The big three video conferencing providers certainly think so, and all now offer AI assistants to users. Zoom has AI Companion, Teams has Copilot, and Meet has Duet AI.

Rapidly expanding features already include AI transcribing the meeting for you, suggesting questions you might want to ask, summarizing the meeting in bullet points, reminding you who else is present, or even in the case of Meet, its AI attends an online meeting. on your behalf.

Husayn Kassai is the founder of London-based start-up Quench AI, which makes training software powered by artificial intelligence.

He predicts that in the future, “everyone in the workforce will have some kind of AI trainer accompanying them to meetings.”

“Meetings will be much more productive because we’ll go into them much better informed and able to make more useful and valuable judgments,” says Mr. Kassai.

He adds that workers will use artificial intelligence “to help them get a clue and give them a breakdown of information.”

As a result, he says, meetings will begin to achieve things, unlike now, because “people don’t talk about the things that matter because they’re not ready.”

Mr. Kassai also envisions AI acting as a sort of moderator, offering feedback after the meeting, perhaps even pointing out things that humans in the room can’t do.

“When you’ve got an idiot in the boardroom who’s coughing and someone who doesn’t speak much… AI could say things like ‘speaker three, you’ve only spoken 2% of the time and next time you’ll have to speak 20% of the time.’

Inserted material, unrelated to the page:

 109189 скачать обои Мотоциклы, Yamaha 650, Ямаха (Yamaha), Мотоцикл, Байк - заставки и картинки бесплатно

image source, Husayn Kassai

image caption, Husayn Kassai says that artificial intelligence can calculate how long each person speaks

Ms Teevan says Copilot is already having a “pretty significant impact” on people’s video conferencing. “People are able to summarize meetings four times faster.”

Yet, as numerous reports over the past year have indicated, AI is not yet reliable and can make mistakes, or as they are also called “hallucinations.”

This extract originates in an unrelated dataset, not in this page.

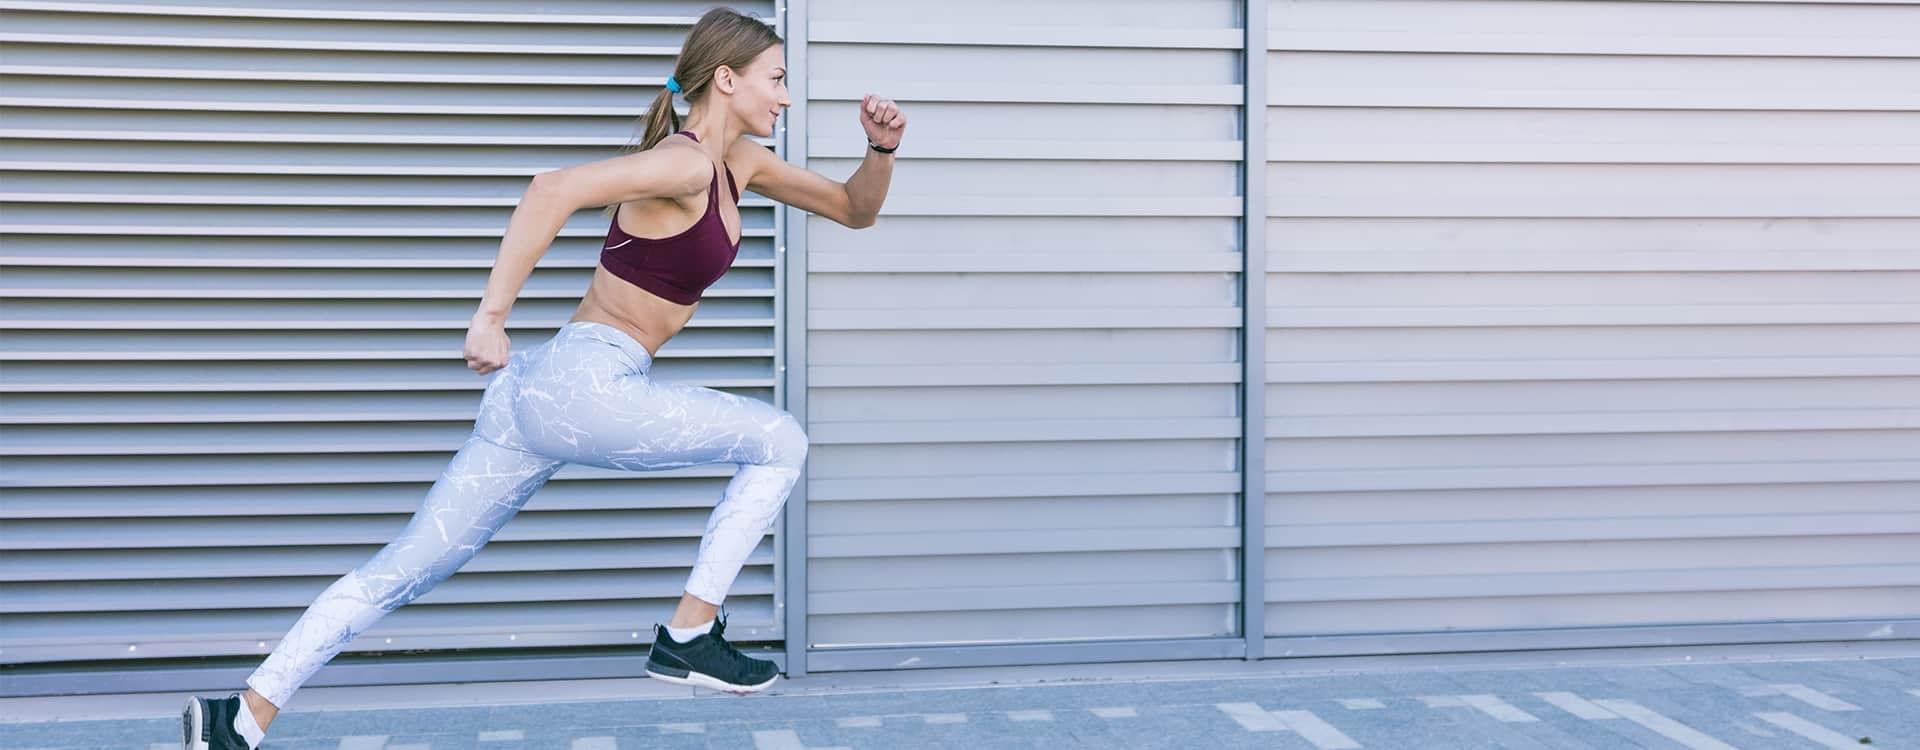 ¿Qué le pasa a tu cuerpo después de correr 30 minutos?

Echoing the old adage “garbage in, garbage out”, Ms Teevan says Microsoft is currently doing a lot of work to ensure Copilot’s “AI guidance” is as good as it can be.

An AI challenge refers to an AI that provides the best possible answer to a user’s question. To do this, it needs to be able to learn as quickly as possible who the user is, what they do for work, and what answers they are most likely to want.

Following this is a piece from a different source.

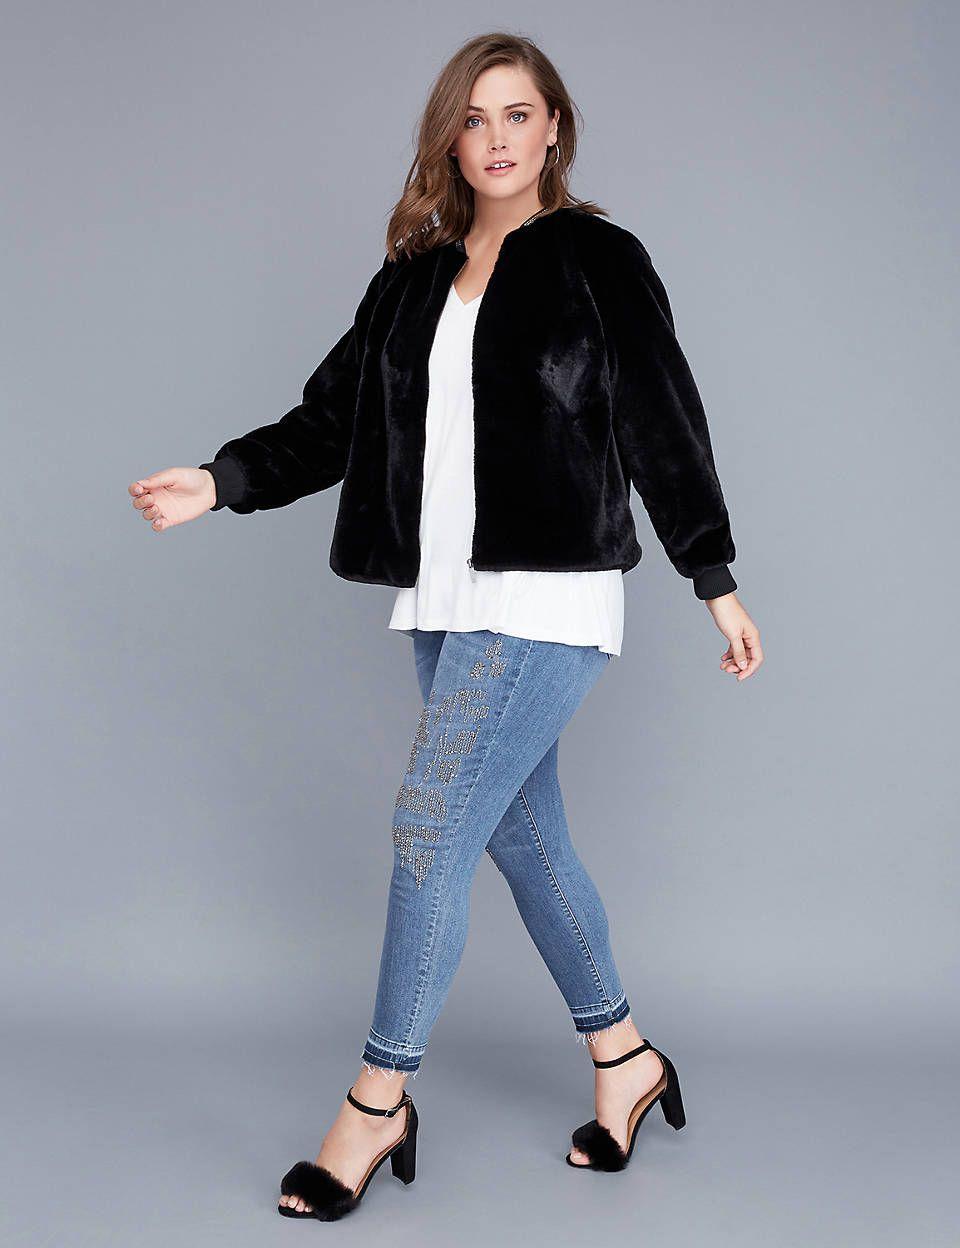 8f468604d3e Fast Lane Faux Fur Bomber Jacket with Embellished Neckline

“One of the most common ways I use AI is to ask it what questions I should ask in a meeting,” says Ms Teevan.

For AI to get the right answers, Ms. Teevan says, it needs to “understand that I’m a scientist and an executive at Microsoft.”

Business psychologist Jess Barker says it’s easy to see why so many of us dislike work meetings. “The data suggests, as does our experience, that most meetings are time-consuming and ineffective.”

She’s also “not convinced that the general level of frustration will completely disappear” thanks to AI. “I think we may find that we continue to be frustrated with meetings, but for different reasons — like being annoyed with Person A who never shows up for a Monday morning meeting but instead demands that an AI tool attend on their behalf.

“Or the frustration of a person who is late to every meeting and uses an AI tool to update what they missed so far. I understand how this could lead to increased resentment and mistrust among colleagues.’

However, Microsoft’s Ms. Teevan is convinced that artificial intelligence will help improve meetings. “It can help people feel less overwhelmed, it can help them get started and tick things off the list. And it can help spark ideas, see things in new ways, and get support.”